Ultimately, this other characteristic of the aeronautical media imaginary – the establishment of a stereotypical repertoire of images of flight – is the fourth reason for the association of the press and aeronautics. The imaginary of flight in Western culture was marked by the activation of myths (Icarus, Daedalus) and recurring intertexts (knightly romances and associated metaphors, in particular), and was motivated by the cultural producers’ desire to demonstrate their classical culture. As one thing led to another, this original intertext was enriched; scenarios and topoi, and a gallery of aeronautical heroes and aviators with interchangeable characteristics were created in journalistic narratives, in relation to literature, cinema, politics and other vectors. This dynamic set of representations circulated and was reiterated by various cultural mediators. This issue has shown this by taking a wide variety of journalistic media as its corpus, including the French and Portuguese generalist press, the sports, specialised, regional and political press, as well as radio and social networks. The cultural mediators studied were quite diverse: general reporters, sports journalists, aviators (remember that René Fonck or Antoine de Saint-Exupéry themselves were amateur journalists), not to mention readers (such as those who work in the sections of the matrimonial classifieds or whose names are listed when subscribing to support the raids). From whichever side we look, the press feed on the modern mythology of flight that provided a wealth of events accompanied by their narratives, which were both polymorphic (in the variety of sections, mediators, media and formats that support it) and expected.

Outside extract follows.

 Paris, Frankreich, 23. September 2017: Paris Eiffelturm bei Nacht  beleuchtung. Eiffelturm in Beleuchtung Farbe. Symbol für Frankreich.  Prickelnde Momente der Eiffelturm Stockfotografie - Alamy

These narratives were expected, certainly, when myth prevailed over truth, even if it meant modifying the facts such as when the press hid some of René Fonck’s failures, as they were influenced by the heroic pilot’s favourable imaginary. They were expected also when aviation participated in the seductive posture of readers of the matrimonial press, who drew on a shared heroic gallery featuring aviators, sailors, spahis and other figures of a contemporary male ideal, of an idealized literary and social type, “referring to the serial novels and film productions of the time,” as Claire-Lise Gaillard writes. The myth of the aviator was then “internalized, questioned, reinvested or even used for one’s own ends” by letter writers in order to intervene in the relational dynamics of seduction. This highlights the media and social prestige of the aviator, the power of stereotypes, and their potential performativity, here in the context of love letter exchanges. This heroic myth, woven from flattering representations, also found new territories for deployment as techniques and practices evolved. This is what Marine Beccarelli noted in the shift in the social prestige of the aviator towards jet pilots and air force pilots in the aftermath of the Second World War, as did Florence Chiavassa, when she examined the transfer into space of an imaginary of adventure, mixing new and old references in the registers of epic and exploration similar to the time of the Aéropostale. In the 20th and 21st centuries, space continues to trigger the fascination with the unknown, opening up a new field of conquest relayed by the media since the 1940s.

However, the press in return also nourished the mythology of flight and, sometimes, broke it up to produce unexpected versions that went against the doxa, the dominant configuration of the imaginary. This distance sometimes came from the actors of aviation themselves, such as Saint-Exupéry. In his written accounts and articles, he mostly refused the easy evocation of military courage, the activation of the epic or mystical register, which came so easily to Joseph Kessel or Jacques Mortane, and instead privileged reflection on goodwill among men. Similarly, work by Dominique Faria and António Monteiro shows that the figure of the aviator was neither homogeneous nor immutable over time. In short pivotal periods, such as the transition to commercial aviation in the 1930s and 1940s, we see the decline or mutation of the myth. From that point on, the commercial airline aviator was part of a team, with ground services, automation and technologies, thereby losing his central place in the press discourse to become a peripheral player in aeronautical events. The airplane itself came to overshadow the figure of the heroic pilot. In addition, each reactivation of the myth in a different context could be supported by other myths specific to the context. In Portugal, explains Isabel Morujão, journalists assimilated air raids to the great maritime discoveries of the 16th century and its leading figures, such as Fernão de Magalhães and Vasco da Gama, and recalled the stories of Luís Vaz de Camões, a famous Portuguese writer of the same period.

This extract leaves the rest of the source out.